September was the peak, where the UIDAI serviced an average of 48 million transactions a day. This is about 14,000 times the usage in September 2012. The number of systems that depend on Aadhaar as an identity provider have grown.

2017 was a challenging year with many incidents and claims relating to biometrics, privacy, and exclusion. The government has had to learn to walk the line between transparency and privacy, and now deal with the attentions of international hackers, all in the middle of a very noisy debate.

The growth and accompanying challenges are a reflection of the increased digitisation, and formalisation, of the economy. Being at the leading edge of change, Aadhaar has become the lightning rod for discussions around privacy and governance. Out of these tough times, much good has come forth. The Justice Srikrishna Committee is looking at how users and their data must be protected through a new law. The Supreme Court has read a right to privacy in the Constitution. The UIDAI has emerged as a responsive, nimble organisation and a problem-solver.

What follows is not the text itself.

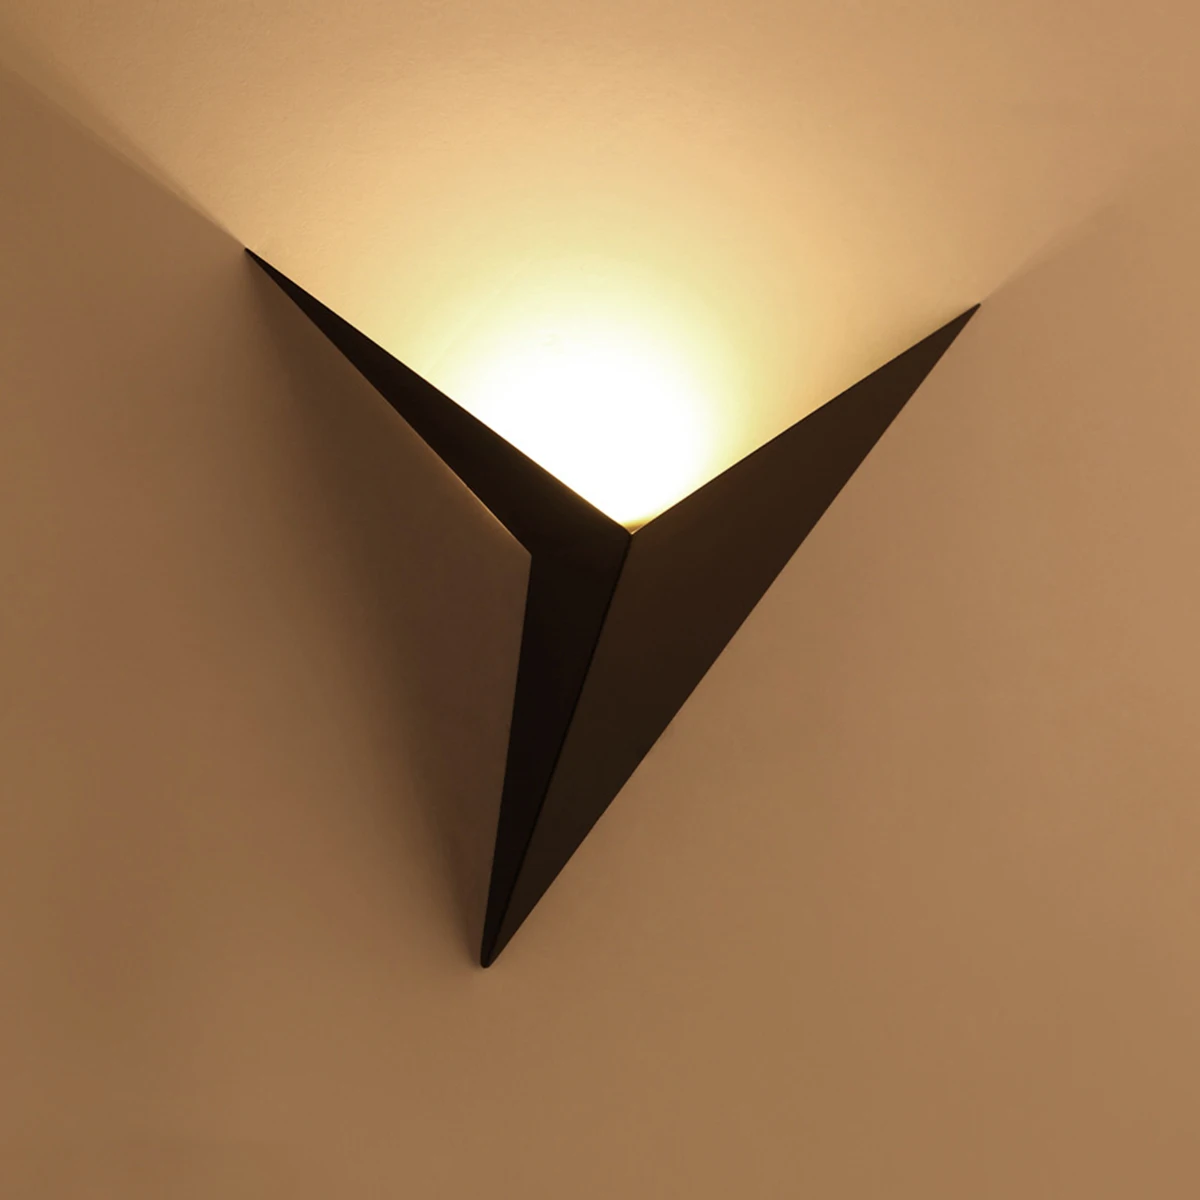 

Minimalist Triangular Wall Lamp Nordic style Indoor Wall Lamp Living Room Lights Simple decoration light 3W AC85-265V Home Decor

Looking at the recent changes in authentication, registered devices, virtual identity number, tokenisation, limited eKYC and face-matching, it appears that the UIDAI is set to tackle the issues, and to deliver on the promises of inclusion and security. Registered devices ensure that biometrics are captured live from sensors, digitally signed, encrypted and sent to the UIDAI without the possibility of interception, tampering or the injection of stored biometrics. This change was rolled out in 2017 and is now nearly complete. Users should be confident that no agency can intercept their biometrics, and use them for a different transaction.

The virtual identification number and tokenisation will ensure that most user agencies will not be able to store Aadhaar number. They will not be able to use it for unauthorised linkage of databases. Limited eKYC adds more support to this by reducing the spread of sensitive information, improving on privacy protections.

Face-matching will improve on inclusion. It will allow users who were previously unable to authenticate with fingerprints see higher success rates. It will also improve security for applications that currently use only a one-time password. Self-service applications will also use this feature. Other than authentication, the UIDAI has also made changes to the enrolment and update ecosystem. It has moved all enrolment and update activity to government premises and banks. Local governments have been asked to ensure at least three centres in each block/taluka. As a result, there will be capacity for updates and enrolments under greater supervision. So, in 2018, Aadhaar usage will cross 30 billion authentication transactions. The UIDAI will support the ecosystem to upgrade. It will continue to be responsive to user needs and make changes. These will include updating process through technology and the rollout of update centres. There will be a focus on auditing applications and grievance redressal. As a result, users should feel safer that the UIDAI is monitoring the ecosystem and on a journey of continuous improvement. Beyond Aadhaar, our lives are going to be more digital. Much remains to be done to protect our privacy. This is the year we will see the law come up for that.